Было что-то в Максиме, что привлекало Григория, или же он хотел только уврачевать заболевающую душу? или направить на путь истинный? или видел в этом шакале что-то, что не видели другие. «Хотя болен я телом,- говорит Григорий, — но буду хвалить философа (ибо и это есть знак любомудрия); и поступлю весьма справедливо. Ибо он философ, а я служитель мудрости; почему мне и прилично хвалить его, чтобы доказать свое любомудрие, если не другим чем, по крайней мере, удивлением философу…» Может борьба Максима с арианами, может уважение среди знаменитых александрийских богословов, может знаменитые труды и переписки, может вся предыдущая жизнь привлекали в нем Григория. Может, что-то еще.

Но, как говорится, Григорий пригрел на груди своей змею, да не простую, а хитрого удава, долго выжидающего и, подобно молнии, сжимающего свою жертву. Как хватило наглости ему искать себе власти – метить на Кафедру – и мило беседовать с Григорием о Троице, о догматах, о жизни… Как он мог сносить взгляд Григория и пялиться своими глазами в глаза Святителя.

Знал циник, что кафолическая паства просила Григория приехать в Константинополь, знал, но все равно готовил интригу.

Григорий разделял с ним трапезу, когда внесли письмо от архиепископа Александрии, Петра II. Как обрадовался Григорий поздравлению с прибытием в Константинополь и началом служения.

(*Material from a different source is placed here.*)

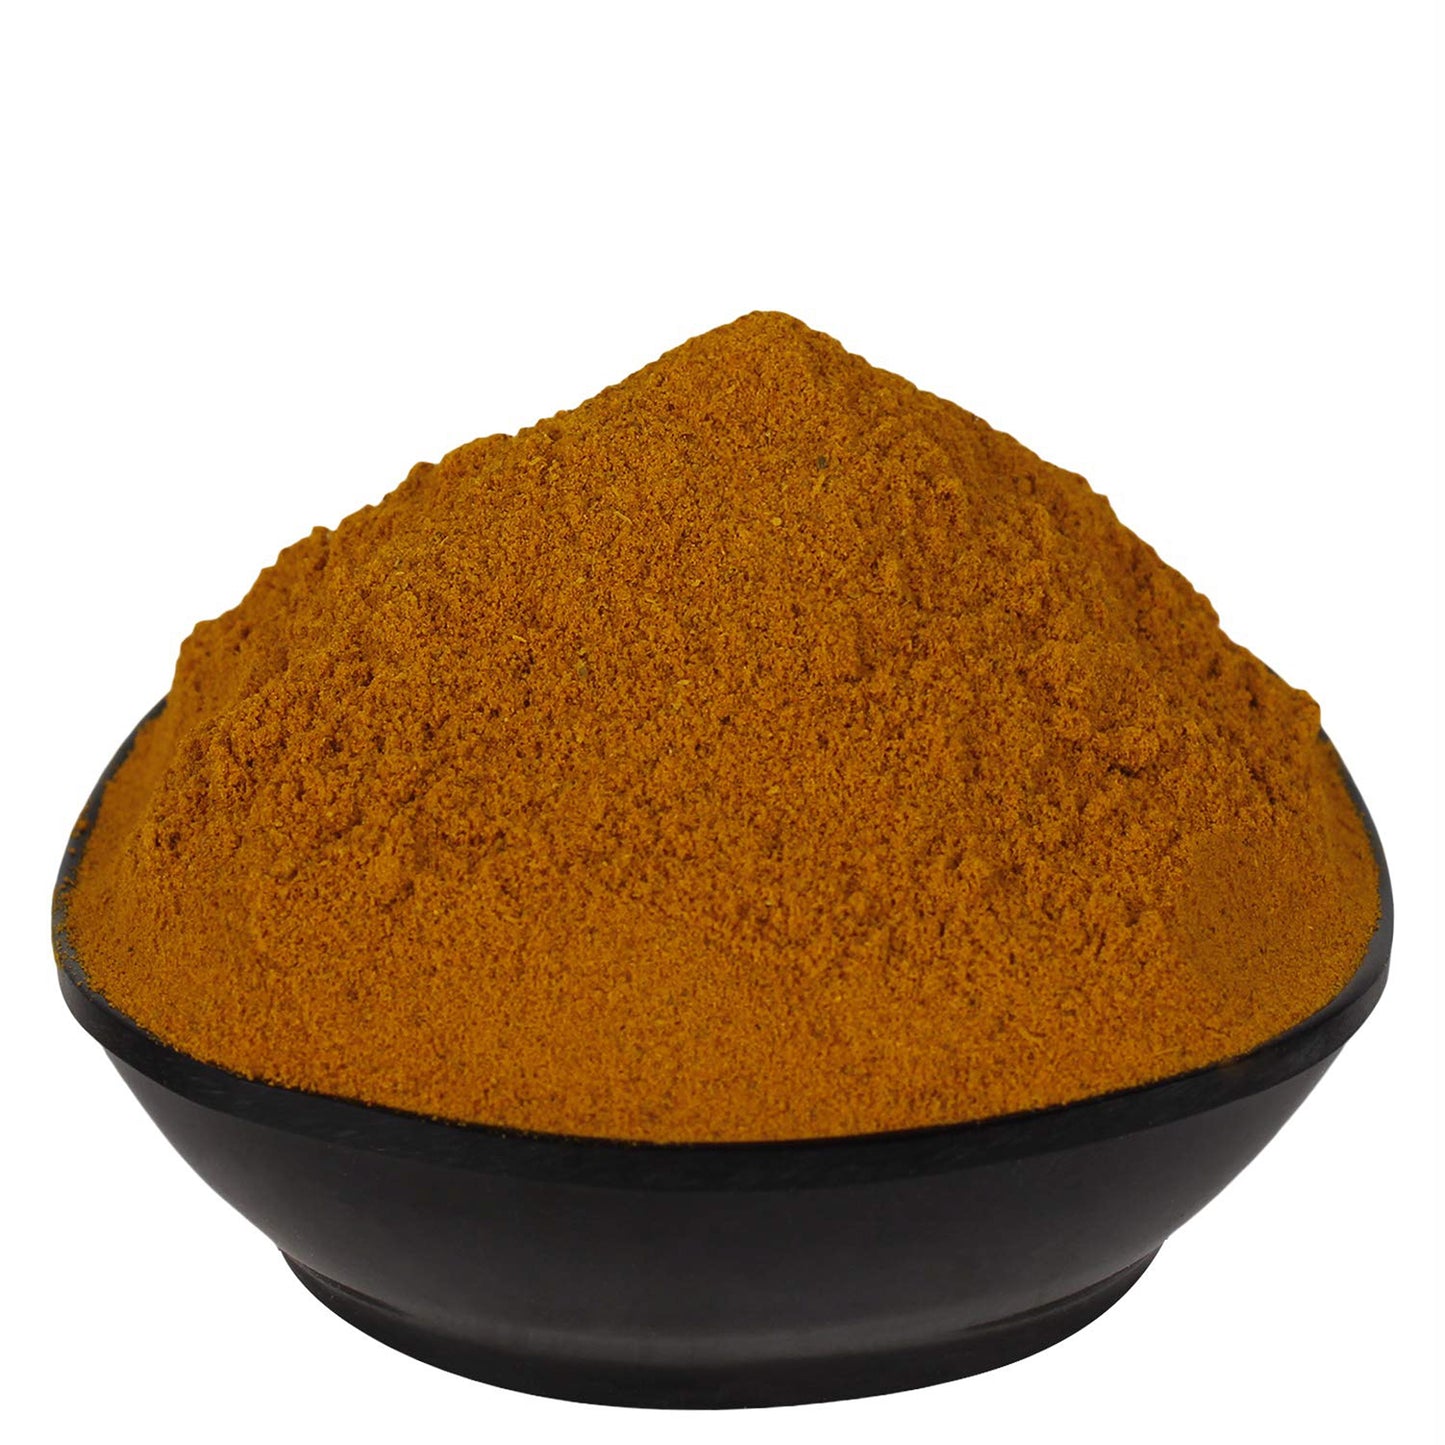 Amba Haldi Powder - Jangli Haldi - Curcuma Aromatica - Wild Turmeric Powder

И вот, летом 380 года. Под покровом ночи, словно разбойники, или крысы, задумавши украсть где-то еду, шли клирики и монахи из Египта (приехавшие вместе с торговыми кораблями, груженными пшеницей) к Храму Анастасии. Григорий, по промыслу Божьему, лежал дома болеющий. Опять недуг властвовал над его телом, но душа по прежнему была устремлена к Богу. Он телом болел здесь, но духом был на Небе с другом Василием, благодаря Бога за Его Любовь ко грешным…

В полночь начался постриг. Египетские епископы начали рукополагать Максима. Его уже посадили на архиепископский престол, но Господь не дал случиться беззаконию: болезнь отошла от Григория, почувствовав, что это Божье веление, как только суставы наполнились силой, Григорий пошел в свою Церковь. Паства, не хотевшая тревожить любимого Владыку, негодовала на улице. Уже начало светать, когда епископы начали пилить волосы Максима; Григорий вошел в Храм, за ним толпы народа… Как же он был разочарован, даже догадываясь, он до последнего надеялся, что это другой Максим, но люди сами избирают себе дорогу,  Максим избрал свою.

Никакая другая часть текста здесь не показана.